This paper addresses the concept of change in mediatisation theory, bringing in the dimension of temporality in two supplementary ways. Mediatisation denotes a set of social changes in the interface between communications media and other societal spheres. It is thus a truly temporal phenomenon, but it remains unclear how it actually develops over time – and how it affects time.

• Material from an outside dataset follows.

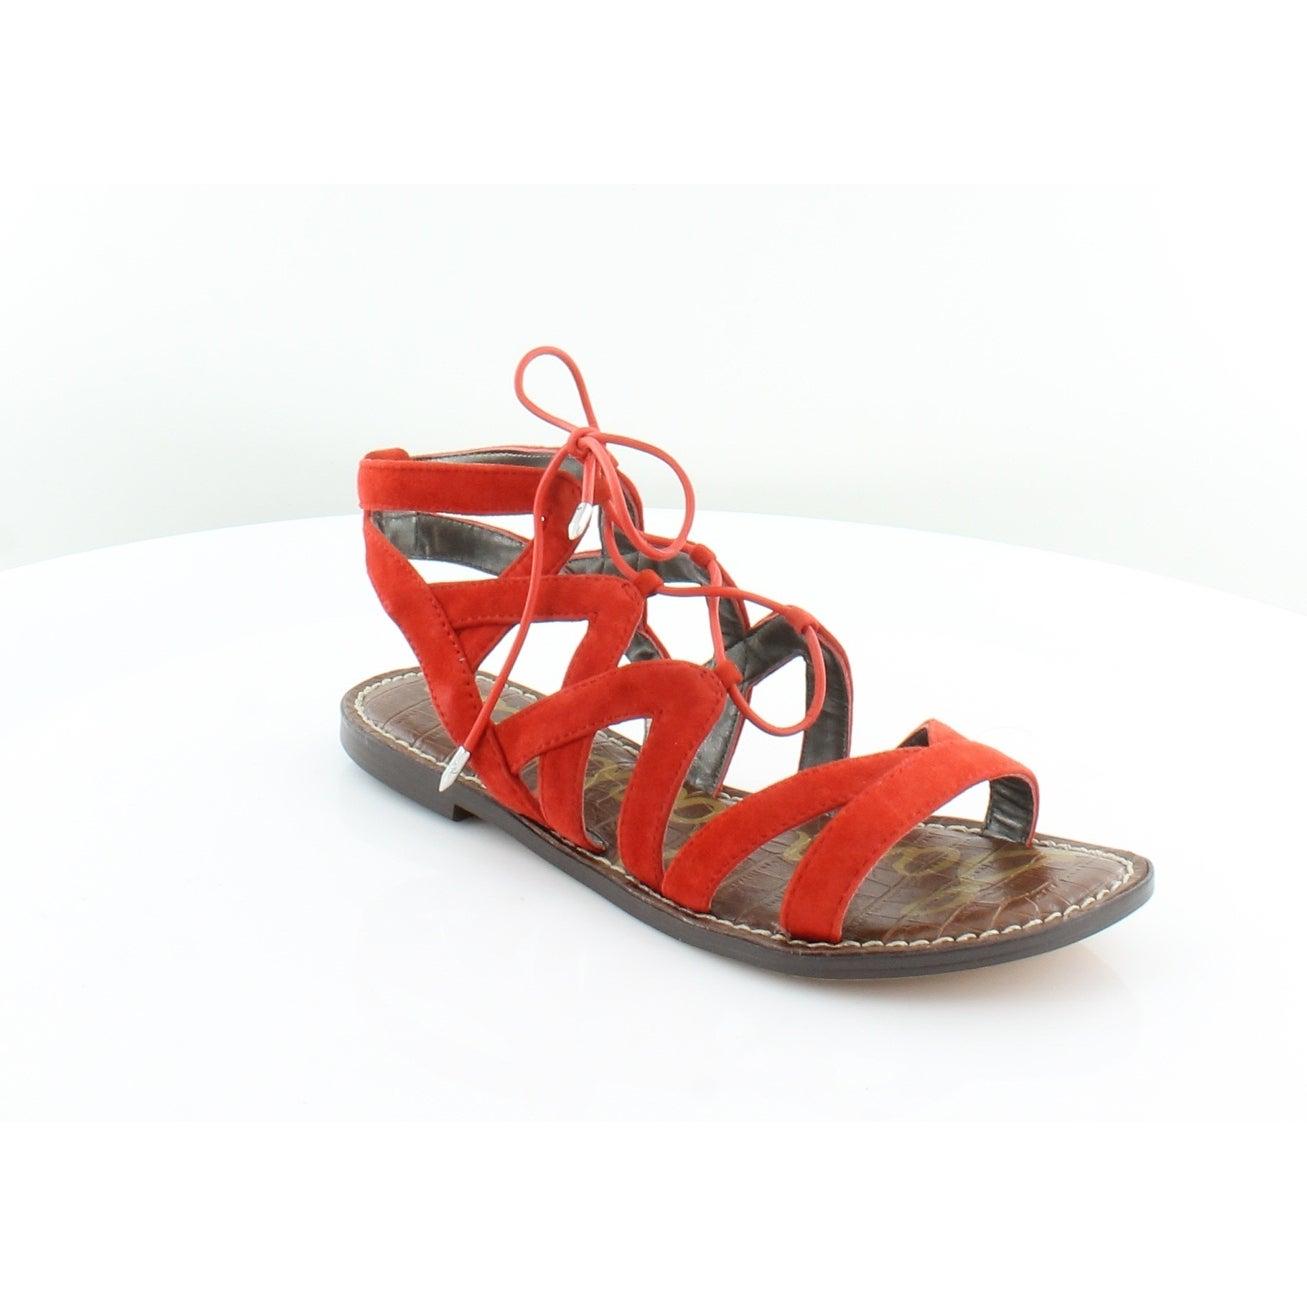 35390b462 Shop Sam Edelman Gemma Women s Sandals BloodORNG - 6.5 - Free ...

The paper first scrutinises alternative ways to understand the temporal coordinates of mediatisation processes, and to explore the affordances of different theorisations in this respect. What does it mean to describe mediatisation as a revolutionary time shift, break or leap? What are the implications of instead depicting it in terms of long-term evolutionary processes of restructuring transition? Comparisons are made with other concepts for various forms of social change, including modernisation, globalisation and individualisation. It is hardly possible to prove one temporal perspective to be ‘correct’, but I will rather reflect on their different implications, as they have repercussions on how mediatisation is understood in terms also of its range, causes and effects.
There is also another, reverse side of the interrelation between time and mediatisation: namely how mediatisation affects the time-dimension itself: how communications media restructure time consciousness, historical understanding, remembrance and forgetting. This section of the paper will refer to how Ricoeur (in Time and Narrative, 1982–1985 and Memory, History, Forgetting, 2000) analyses different technologies for culturalising or ‘humanising’ time (but also space), by linking cosmic-objective-universal with experiential-subjective-lived time through the use of calendars, generational successions, documents, archives and other intersubjective tools that mediate between the internal and the external (and similarly for spatiality). Media technologies are central to such practices, and mediatisation processes are therefore a testing ground for understanding the two-way traffic between media and time: the cultural mediation of time and the historical mediatisation of society and culture: linking the changing cultural mediation of time – and thus the mediatisation of time – to the historical-temporal aspects of mediatisation processes, as they affect the understanding of temporality itself. The aim here is thus to explore mutual determinations of time and mediatisation, and the bilateral temporal coordinates of media-related social change.
The paper builds upon discussions in the Scandinavian ‘Mediatisation Times’ network funded the National Bank of Sweden Tercentenary Foundation, and in my chapters in Mediatized Worlds (Hepp & Krotz, 2014) and Mediatization of Communication (Lundby, 2014).